While master-slave replication is useful, it is not as flexible as master-master replication. In a master-master configuration, each node is able to allow both reads and writes to be distributed throughout the cluster.
Starting from MariaDB version 10.1, the popular MySQL fork comes packaged with Galera Cluster, allowing synchronous master-master replication.
This guide covers how to setup master-master data replication across an arbitrary number of nodes deployed on servers running Ubuntu 14.04.3 LTS. Once master-master data replication is configured, our applications will be able to connect to MySQL databases on any of our nodes.
This guide will not cover the configuration of load balancing software like HAProxy which can take our cluster one step further by providing access to our cluster nodes under one IP / URL endpoint (i.e. setting Wordpress’s MySQL address to my-loadbalancer-name.bbi.io which traffic load across any one of our database nodes that are currently online).
In this guide, we will be creating droplets based on the Ubuntu 14.04.3 LTS x64 image. We will also be using DigitalOcean’s snapshots services to reduce the amount of installations we will need to run during our cluster node deployments.
MariaDB 10.1 is the current stable (GA) release of MariaDB. It is built on MariaDB 10.0 with features from MySQL 5.6 & 5.7, as well as new features not found anywhere else. New in MariaDB 10.1, the Galera Cluster packages used for clustering have been combined into the core installation. All the packages required for clustering will be installed by default but will remain dormant until configured.

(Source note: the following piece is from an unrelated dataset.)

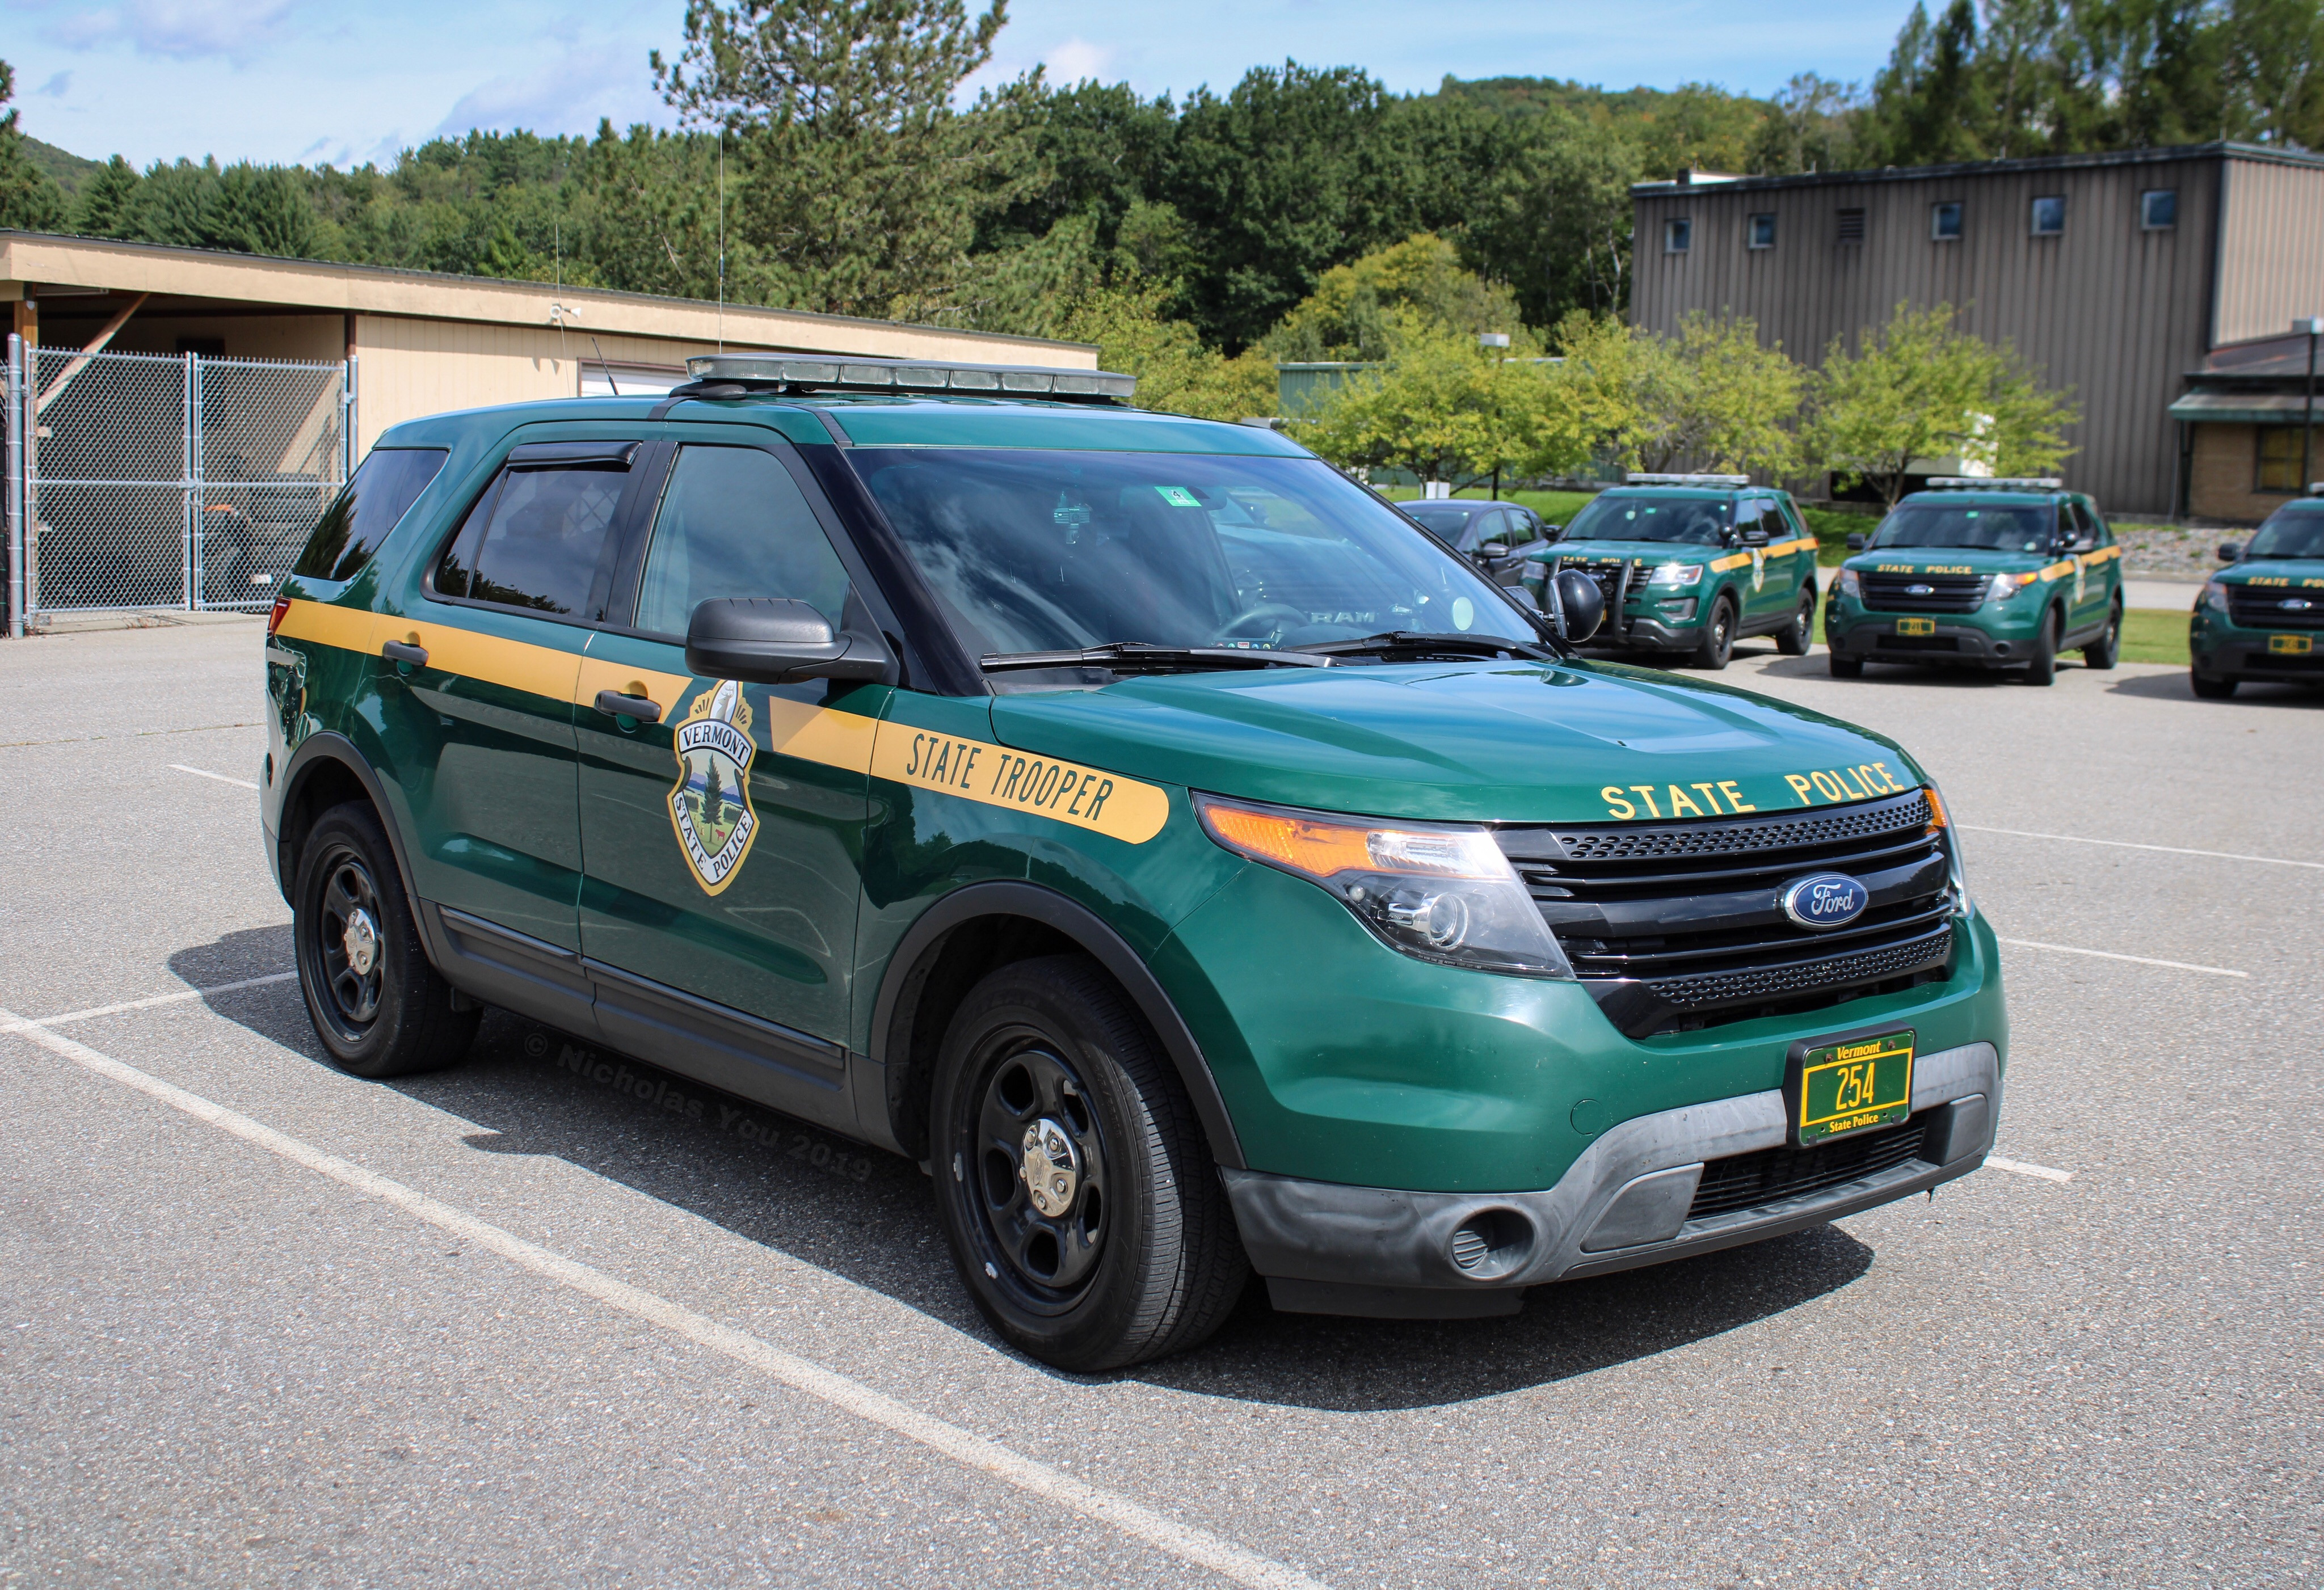 A photo  of Vermont State Police
            Cruiser 254, a 2013-2015 Ford Police Interceptor Utility             taken by Nicholas You

To achieve high availability architecture, it is a good idea to create droplets (servers) across multiple datacenter regions so that our data and services can survive even during datacentre-wide hardware level outages as well as natural disasters like earthquakes in San Francisco.
For server hardware, each node requires at a minimum:
- 1GHz single core CPU
- 512MB RAM
- 100 Mbps network connectivity
Preparing the Server
We will be installing and configuring MariaDB Galera Cluster on one droplet and duplicating it across different regions via the DigitalOcean’s snapshot feature.
Create a new droplet
In DigitalOcean’s control panel, start a new droplet using the Ubuntu 14.04.3 x64 image.
Note: It is a good practice to have the backup option enabled.
Important: It is good practice to give your server a descriptive host name like mariadb-sg01 to make it easier for you to reference different servers when your cluster becomes large and spanning across multiple datacenter regions. In this tutorial, the servers will be named using the convention of mariadb-[REGION][COUNT]. For example: mariadb-sg01, mariadb-sg02, mariadb-sf01, mariadb-ny01, mariadb-ny02…
Once the machine is ready, access the machine via SSH.
Installing MariaDB Galera
Adding the MariaDB Repositories
The MariaDB and Galera packages are not available in the default Ubuntu repositories. However, the MariaDB project maintains its own repositories for Ubuntu that contain all of the packages that we need.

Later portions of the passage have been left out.